DATASET CONTENT —
======
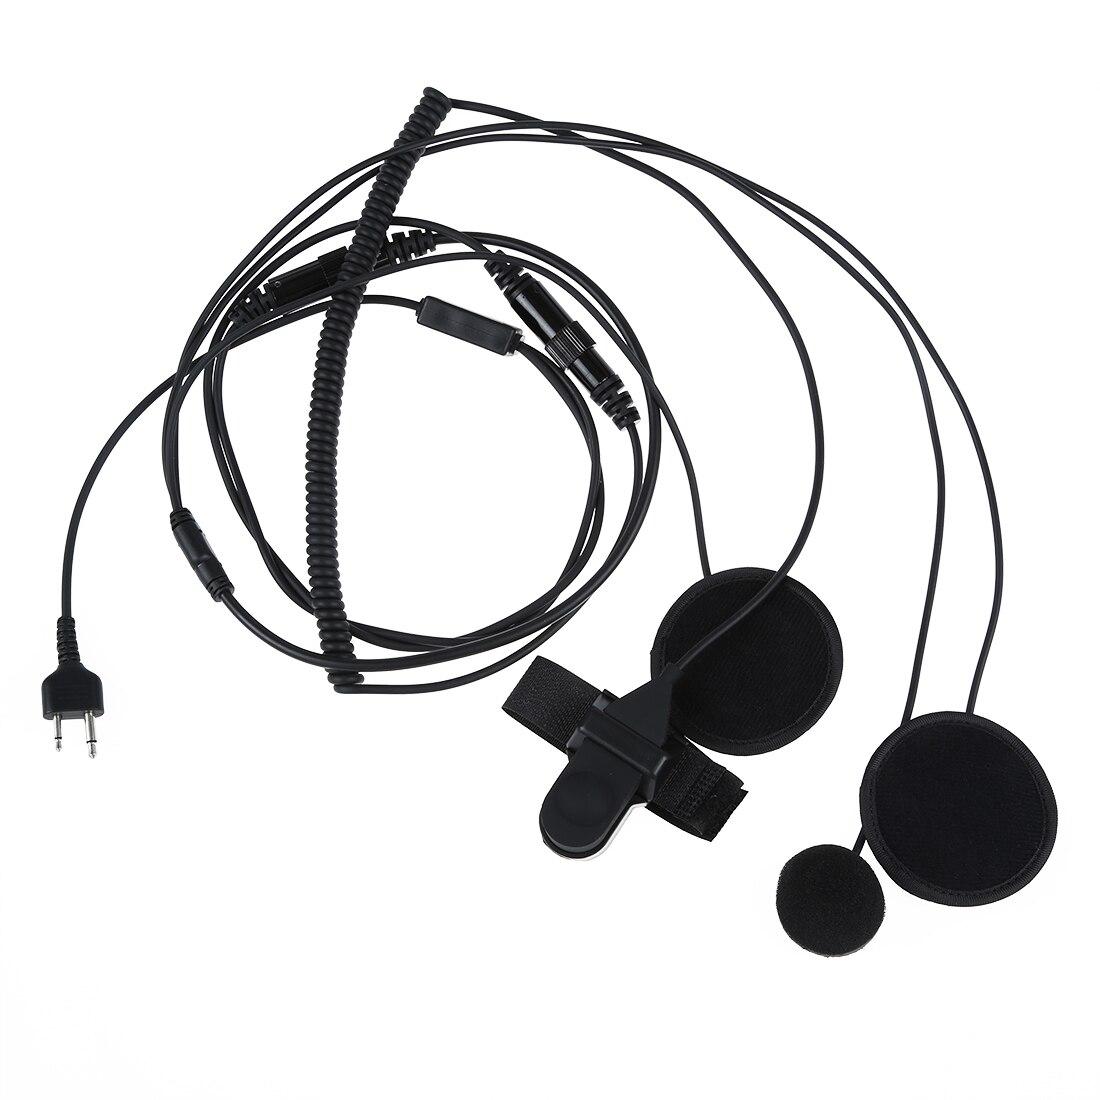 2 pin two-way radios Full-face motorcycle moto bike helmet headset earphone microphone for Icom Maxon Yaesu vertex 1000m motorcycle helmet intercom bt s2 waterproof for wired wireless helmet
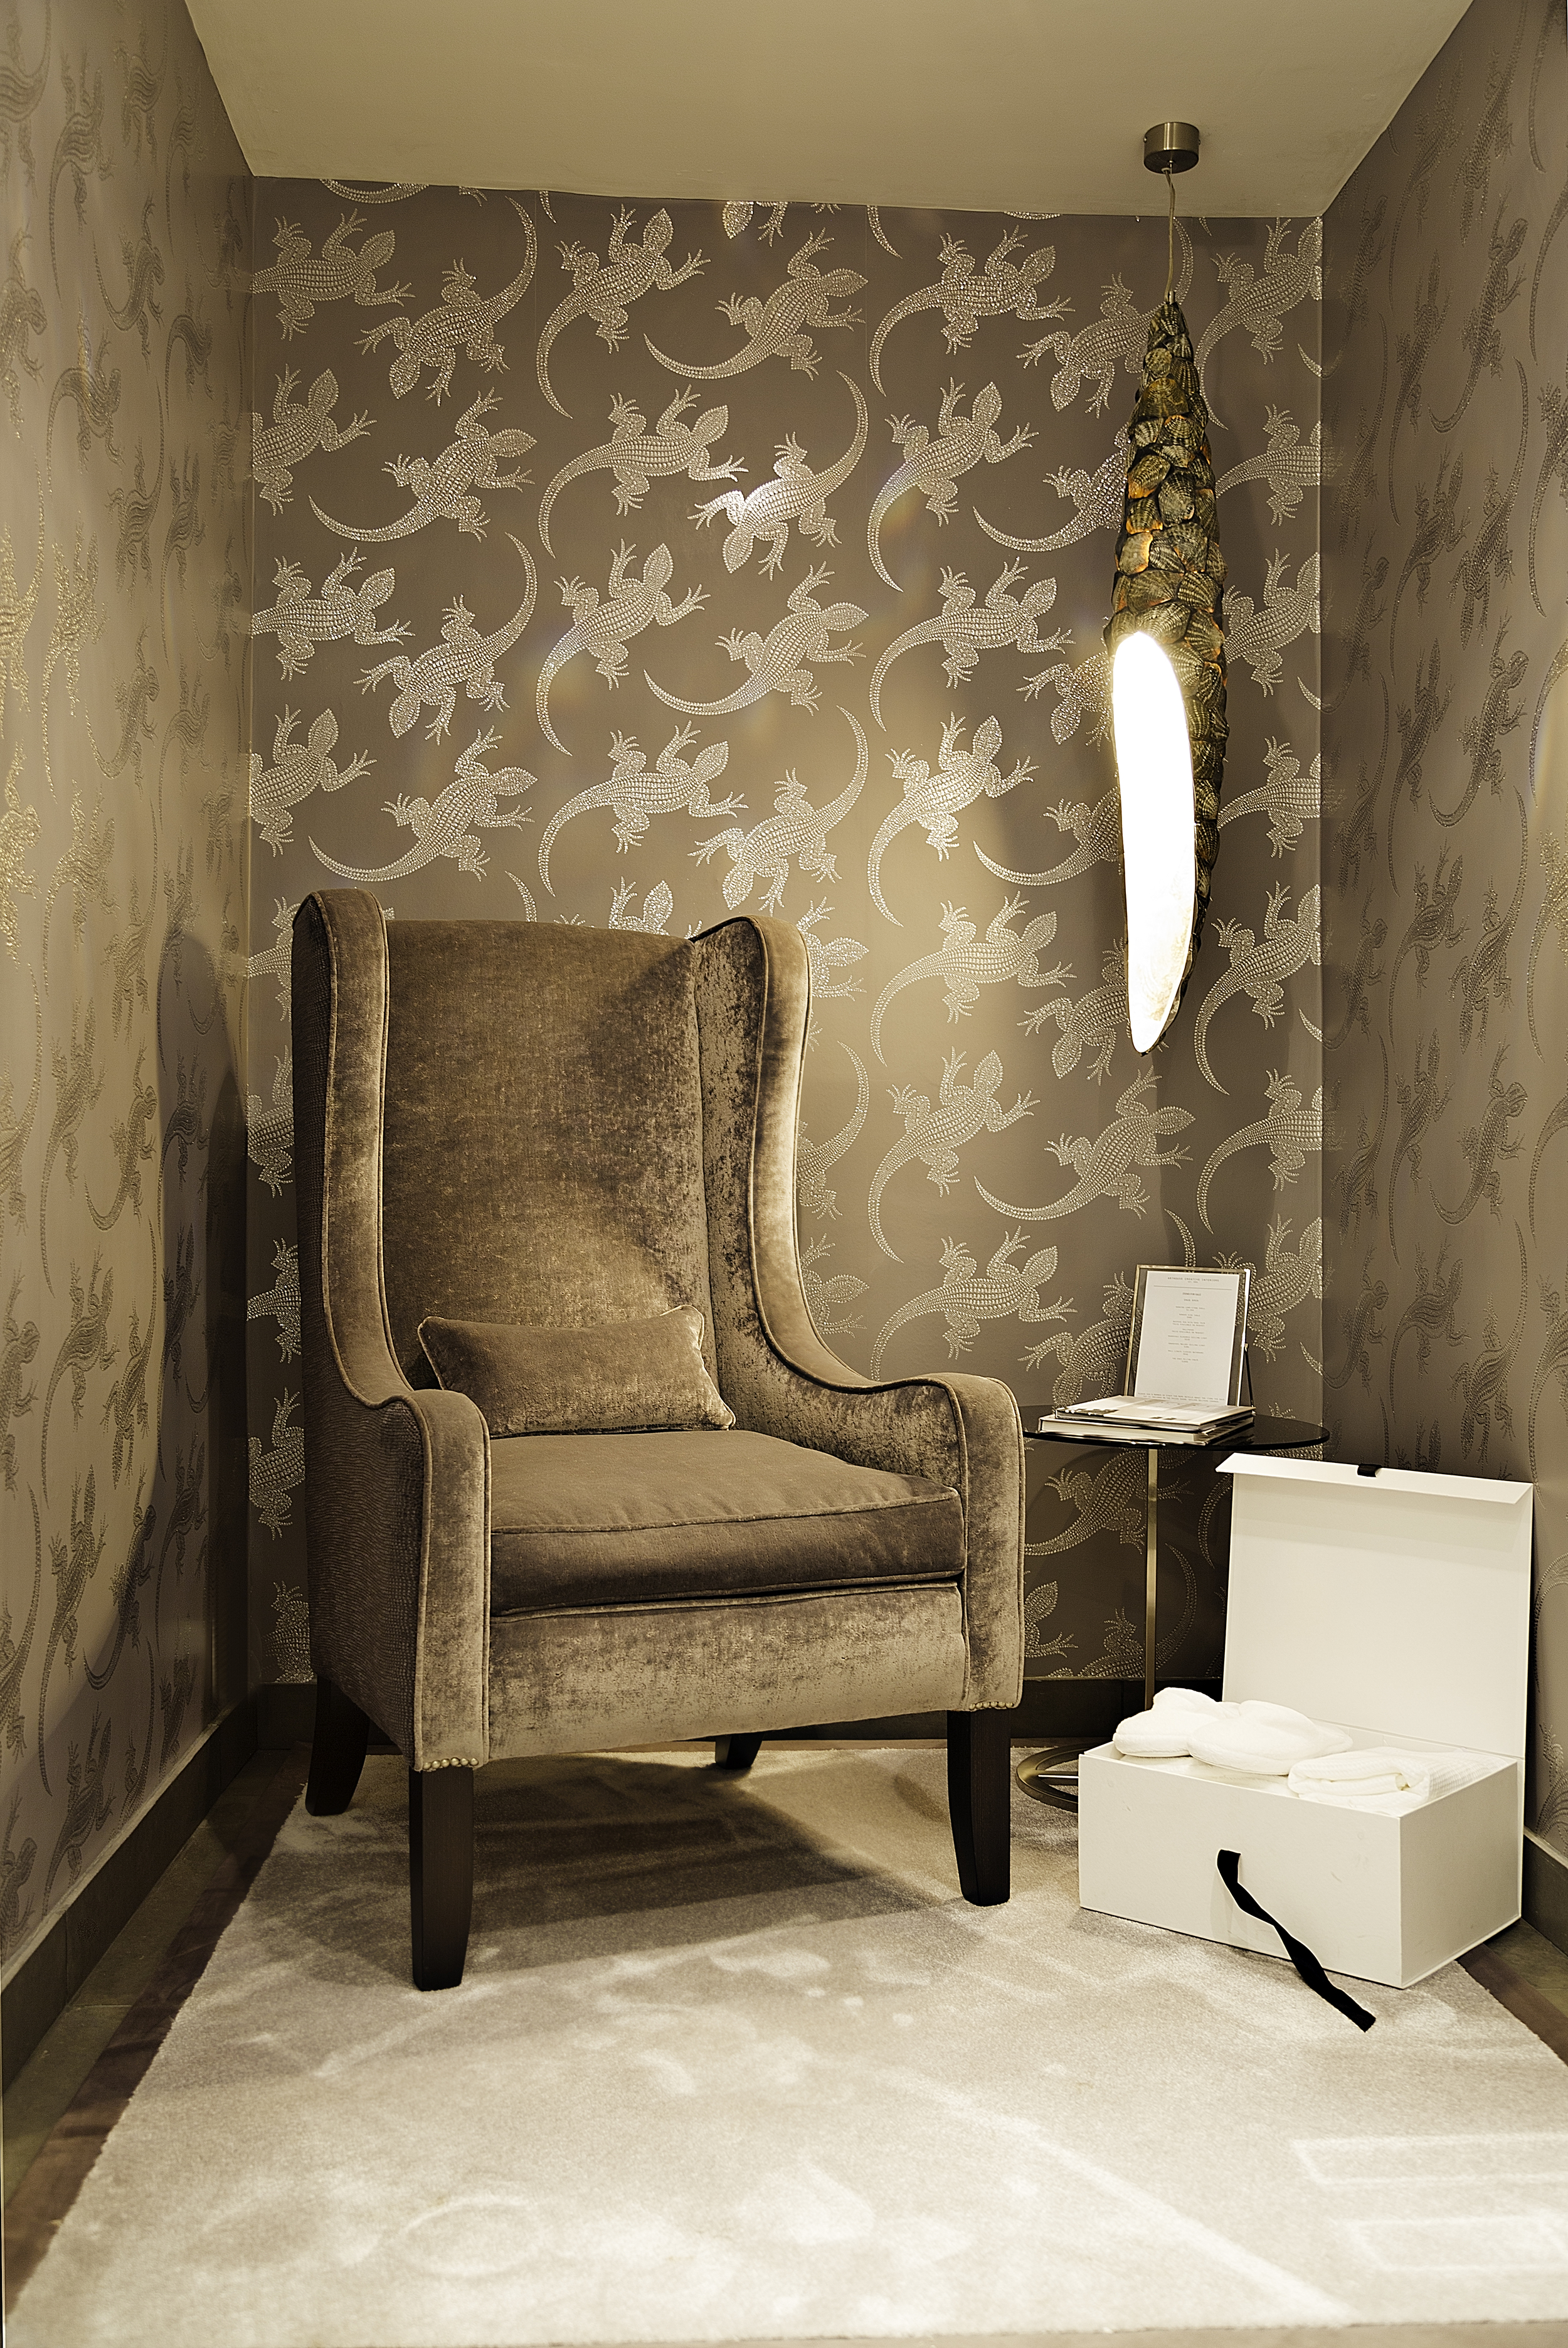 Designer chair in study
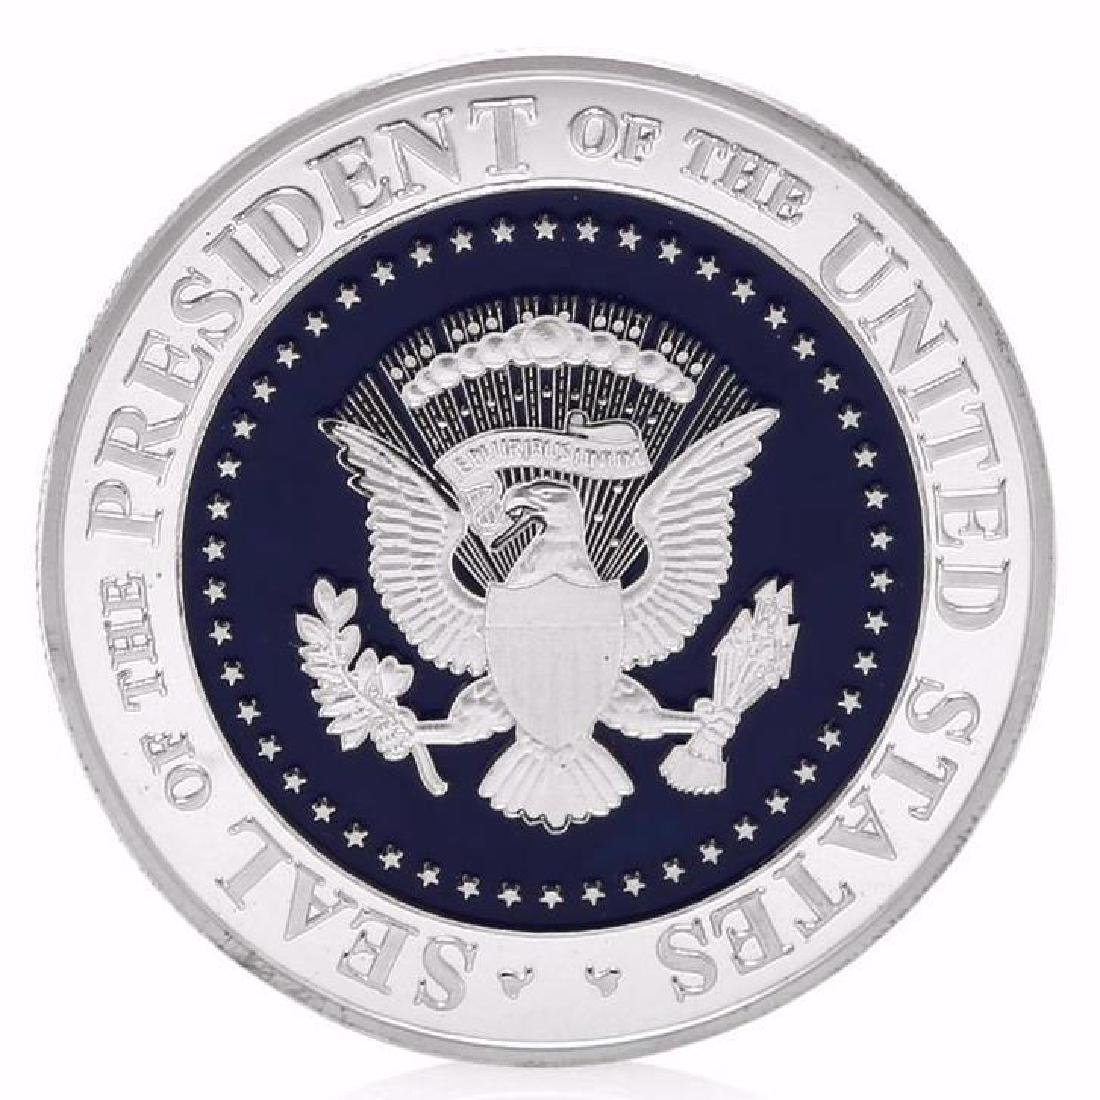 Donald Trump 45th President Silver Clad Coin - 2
======
WHAT IS REQUIRED — Give back the whole of the material exactly, with the pictures removed.

RESULT OF THE TASK —
 2 pin two-way radios Full-face motorcycle moto bike helmet headset earphone microphone for Icom Maxon Yaesu vertex 1000m motorcycle helmet intercom bt s2 waterproof for wired wireless helmet
 Designer chair in study
 Donald Trump 45th President Silver Clad Coin - 2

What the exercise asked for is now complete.